Activity :: Set down exactly the lines that run from the one containing "People Management Masterclass Dublin" to the end of the material below, both included, without pictures.

Data below ::
****************************************

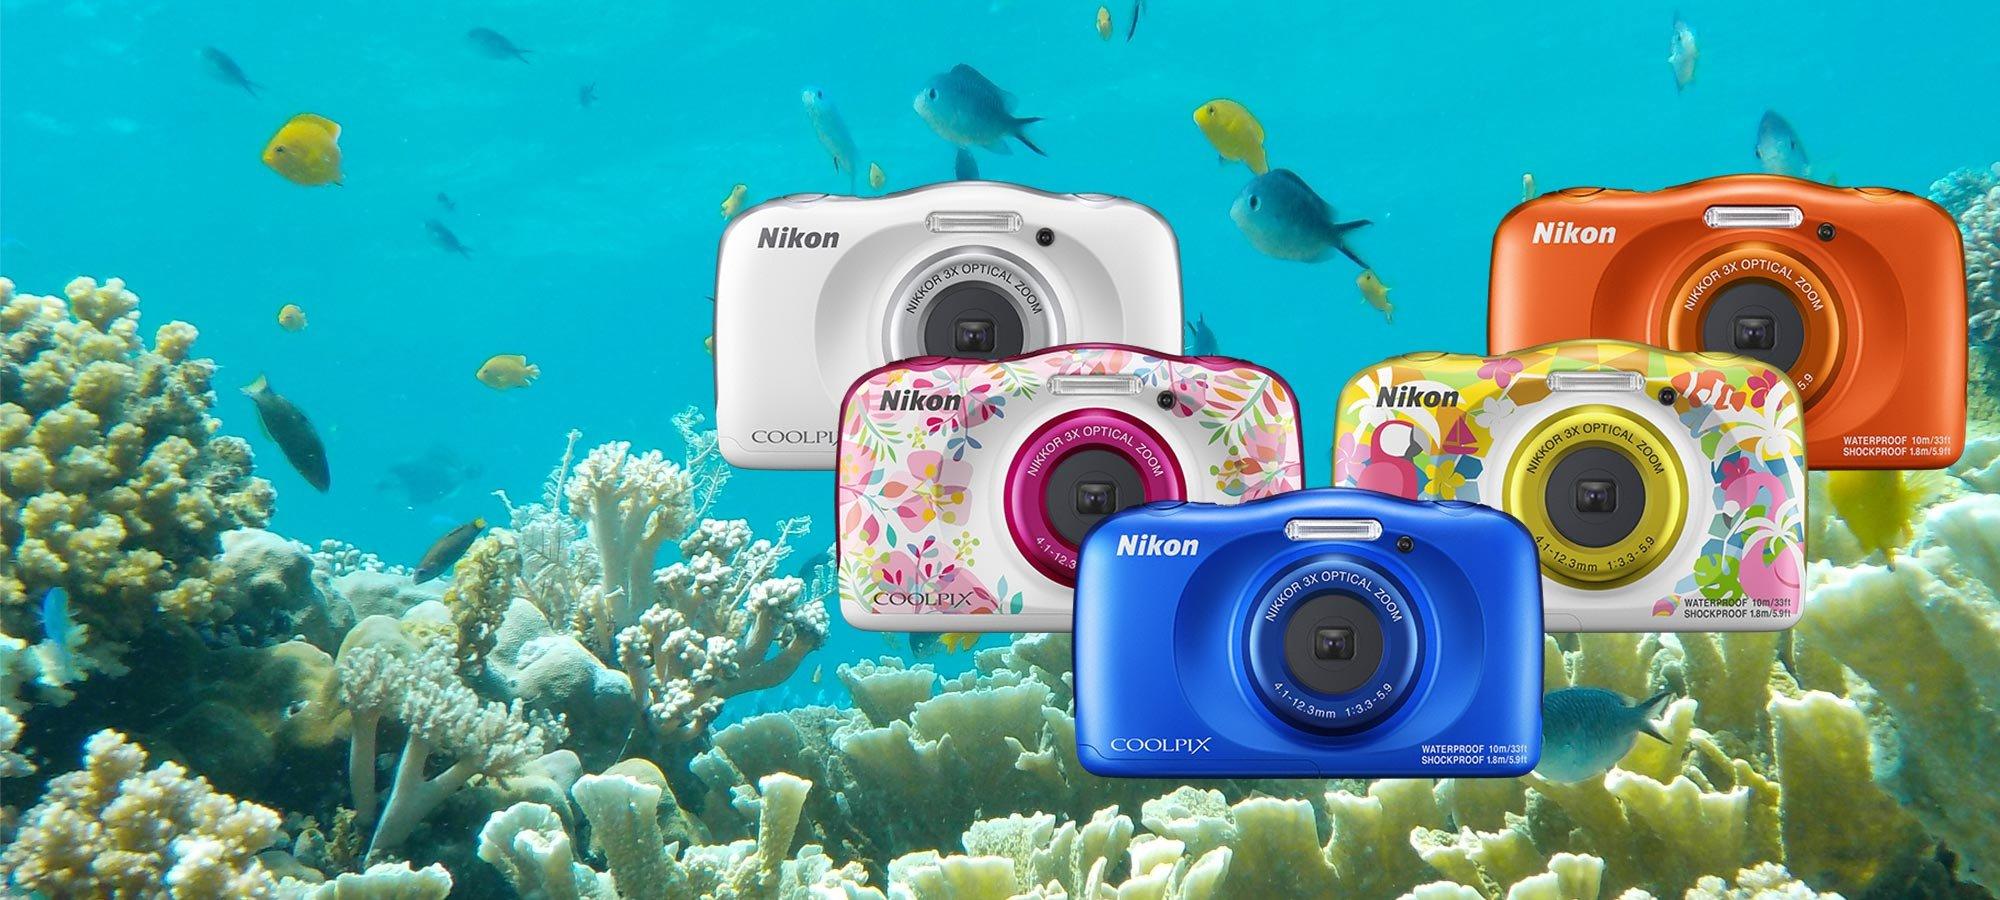 Nikon UK: Digital Cameras, Lens & Photography Accessories
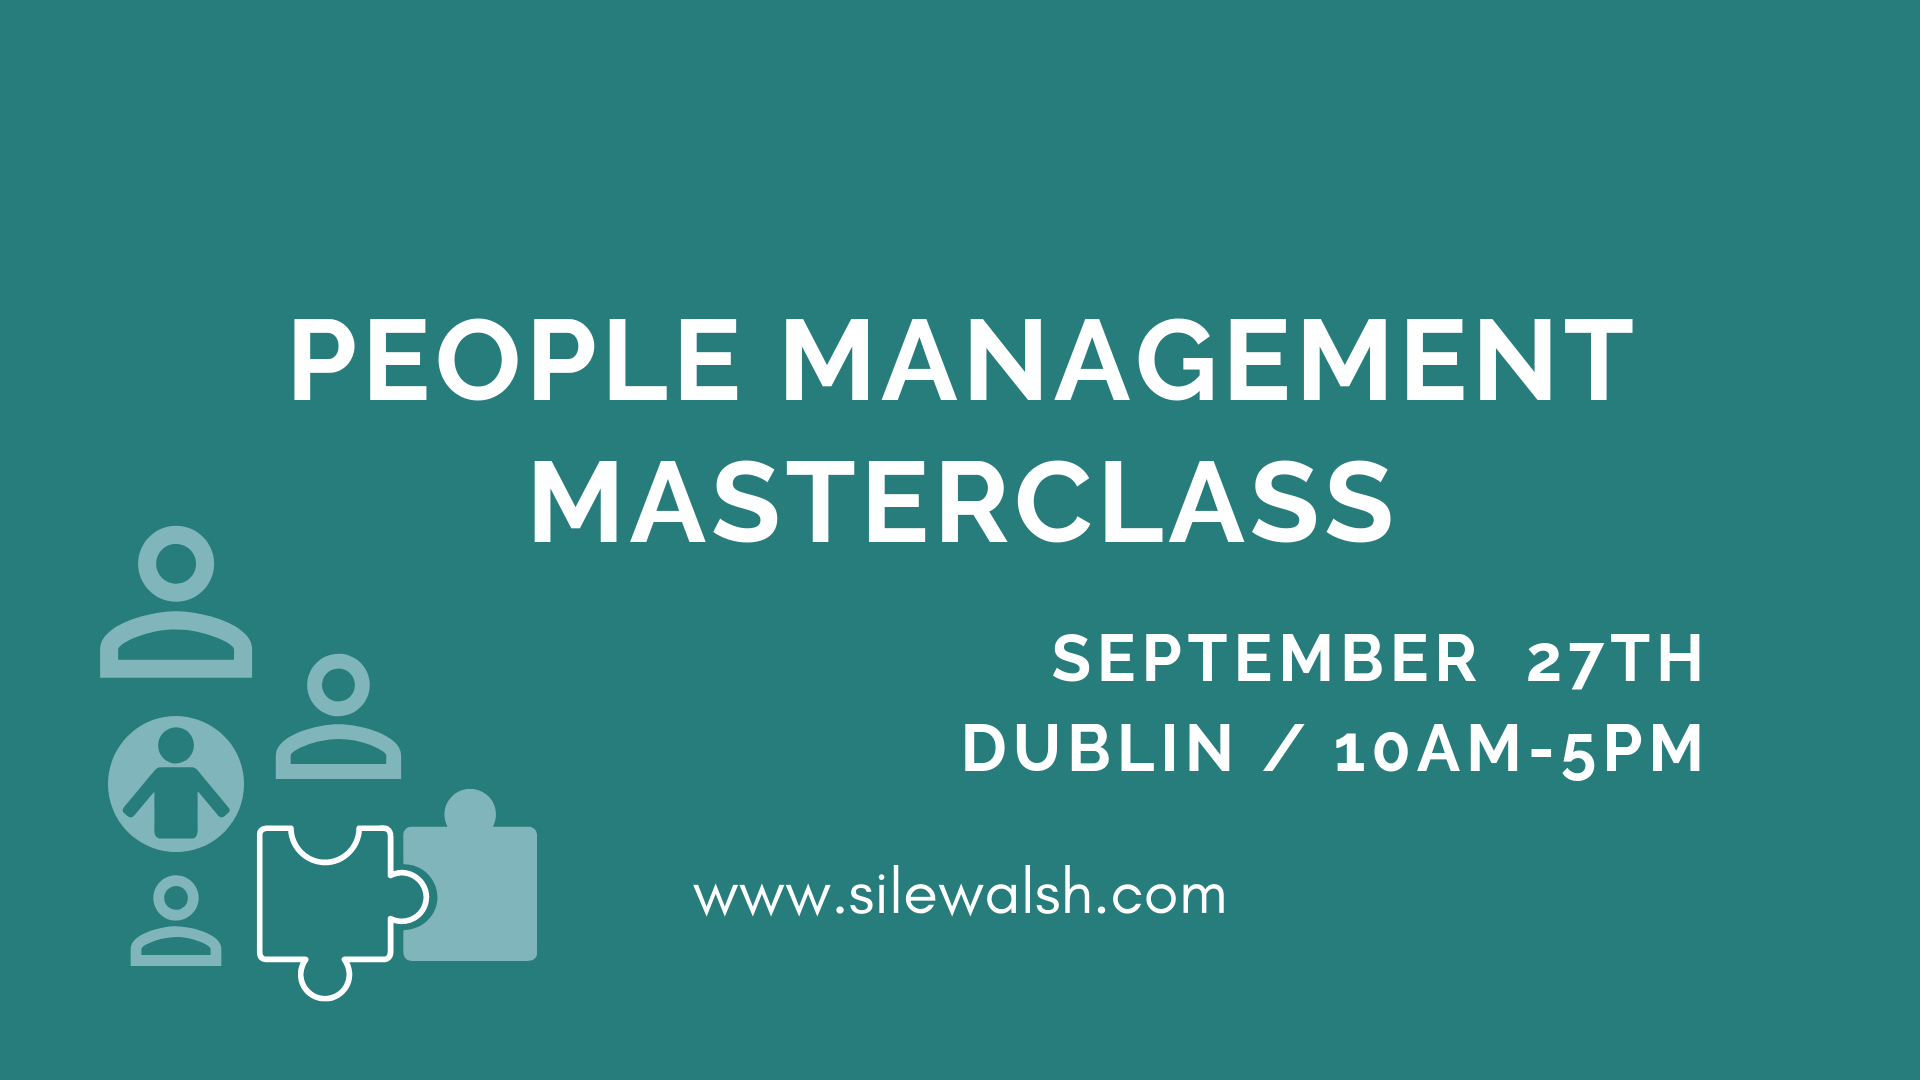 People Management Masterclass Dublin
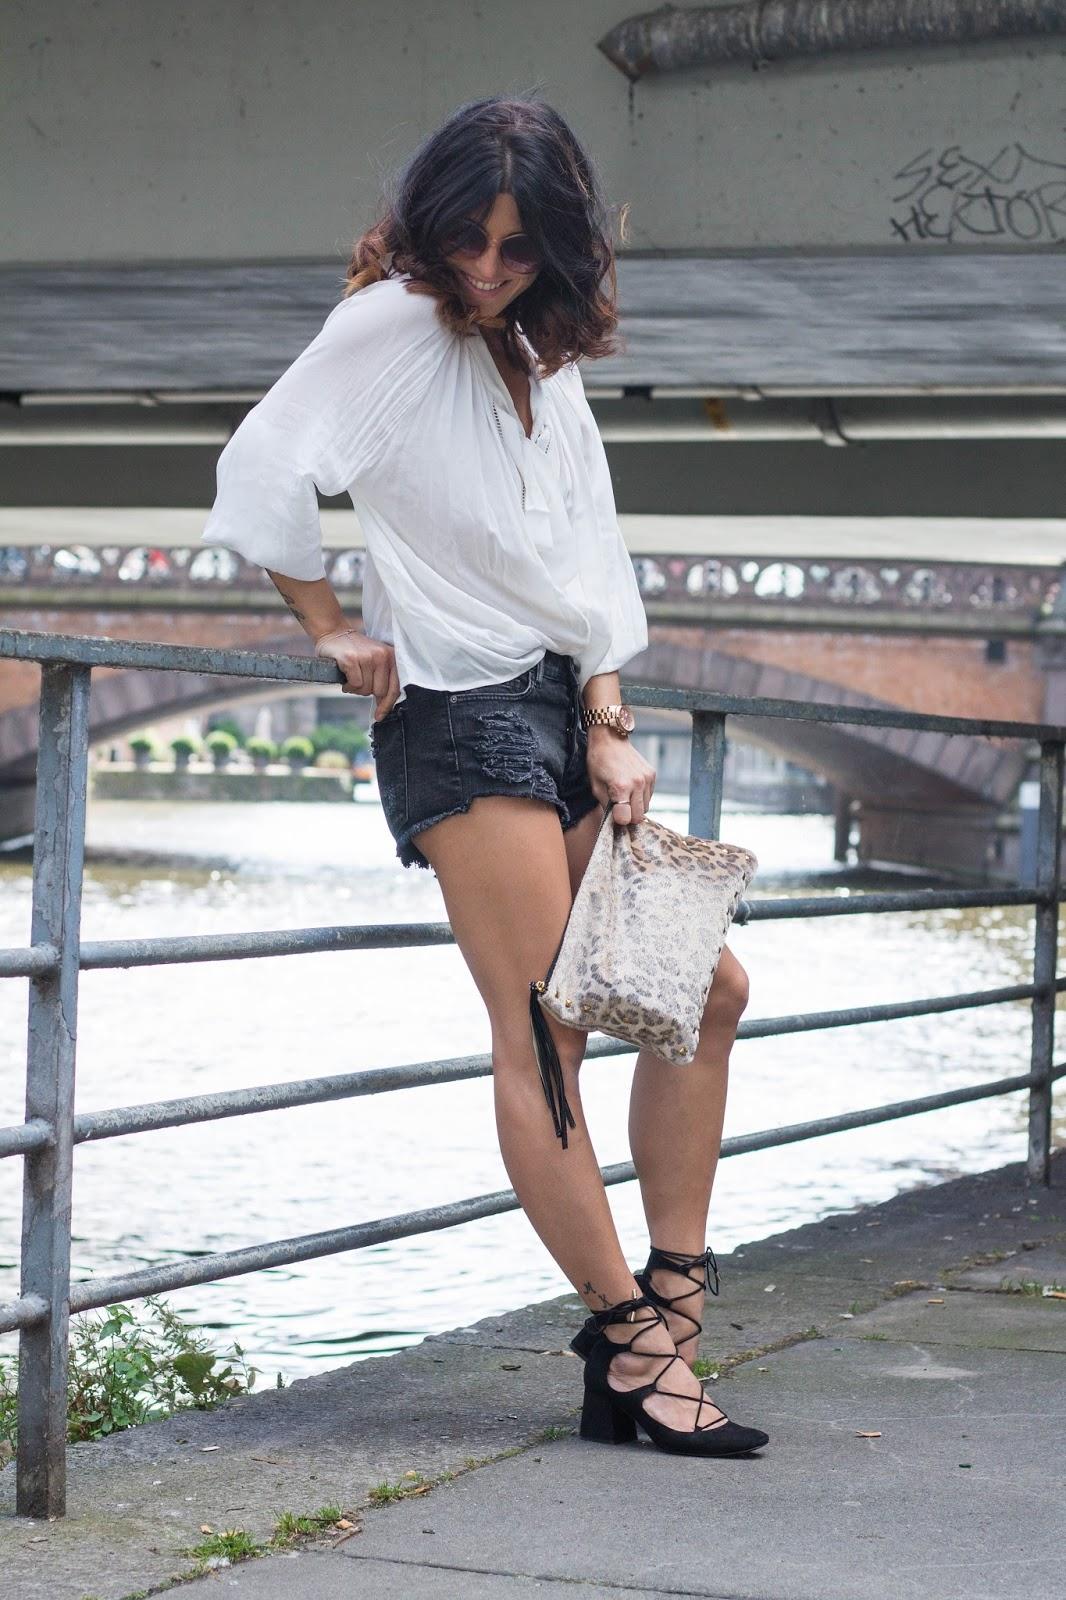 http://fashionavenueabc.blogspot.de/2016/08/b.html
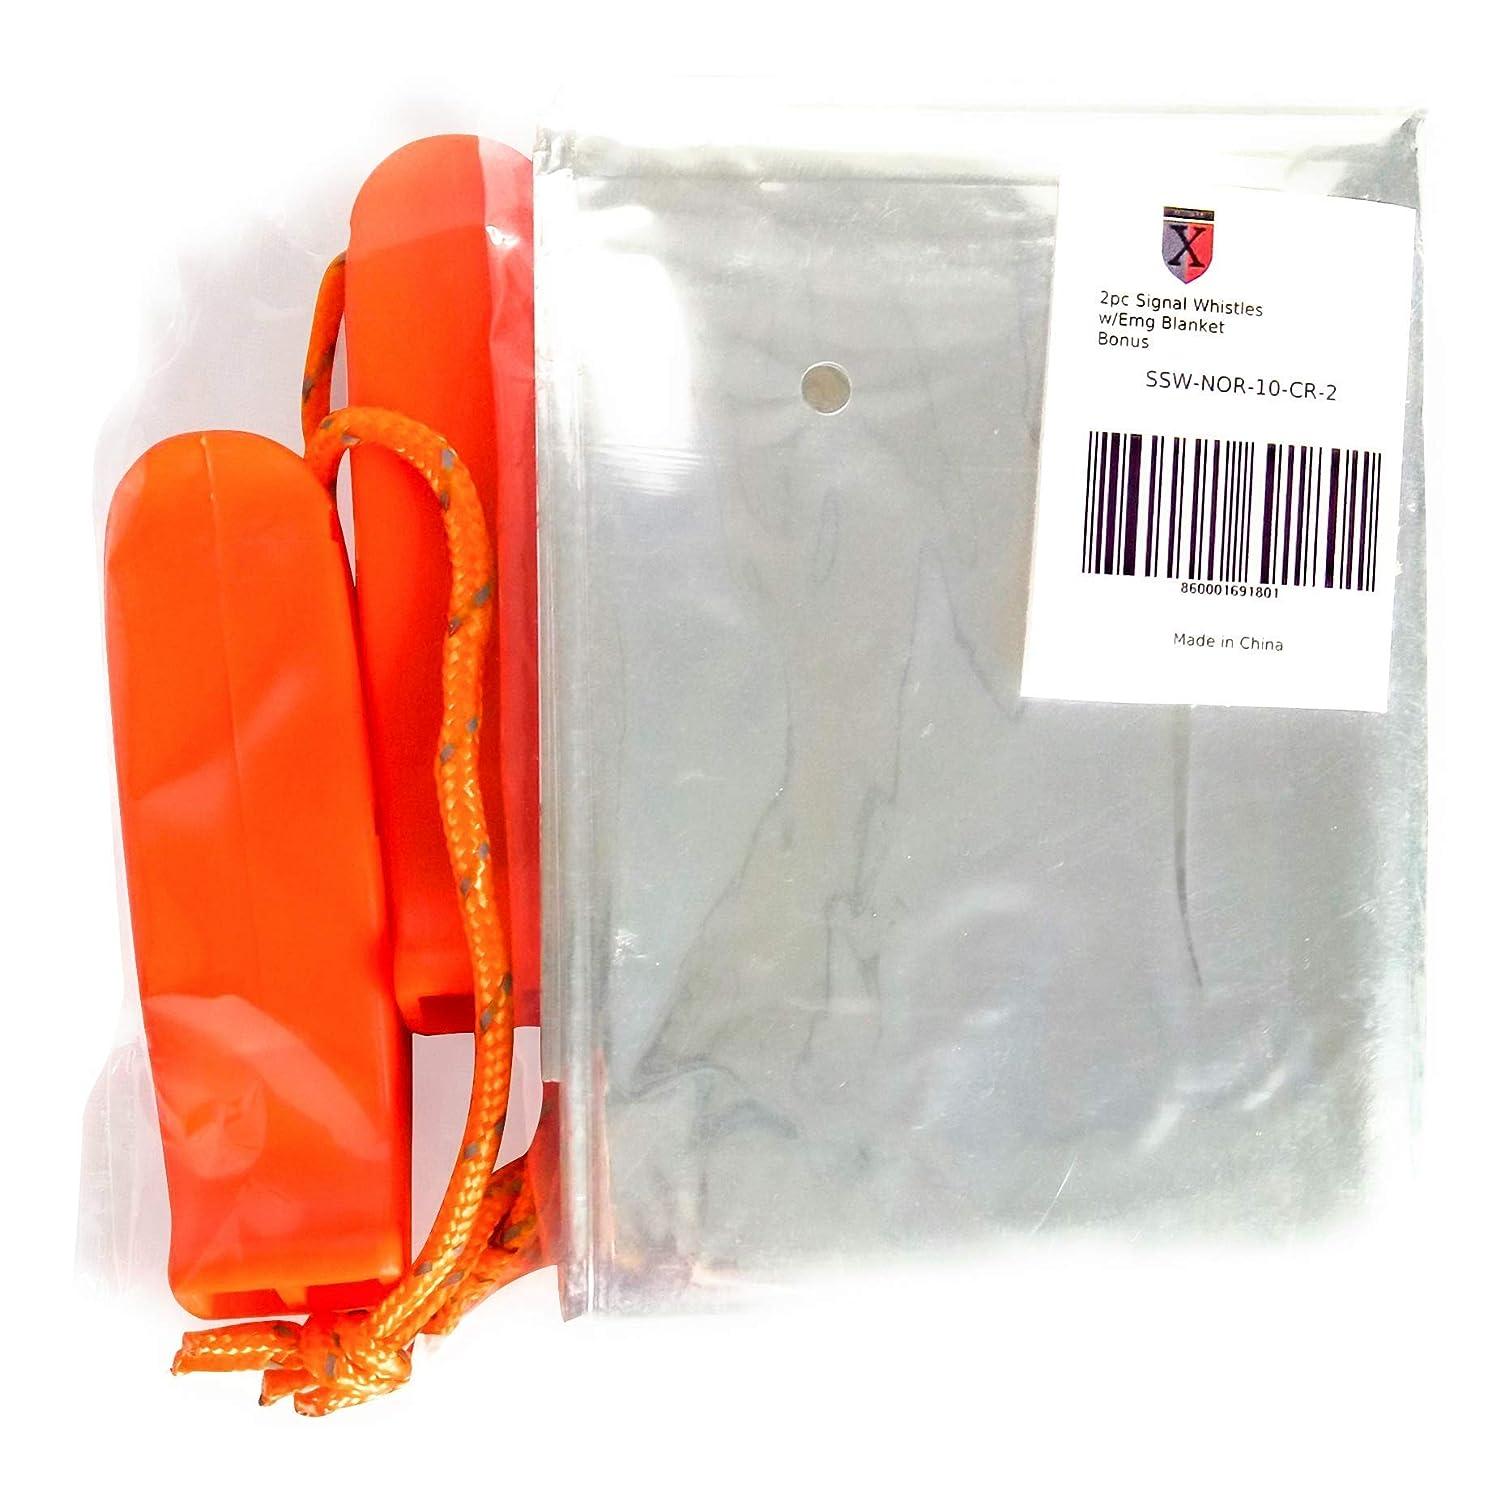 Seguridad Pl/ástico Naranja con Manta de Emergencia Emergencia Xedmark 2 Silbatos Se/ñales Supervivencia

****************************************

Exercise solution ::
 People Management Masterclass Dublin
 http://fashionavenueabc.blogspot.de/2016/08/b.html
 Seguridad Pl/ástico Naranja con Manta de Emergencia Emergencia Xedmark 2 Silbatos Se/ñales Supervivencia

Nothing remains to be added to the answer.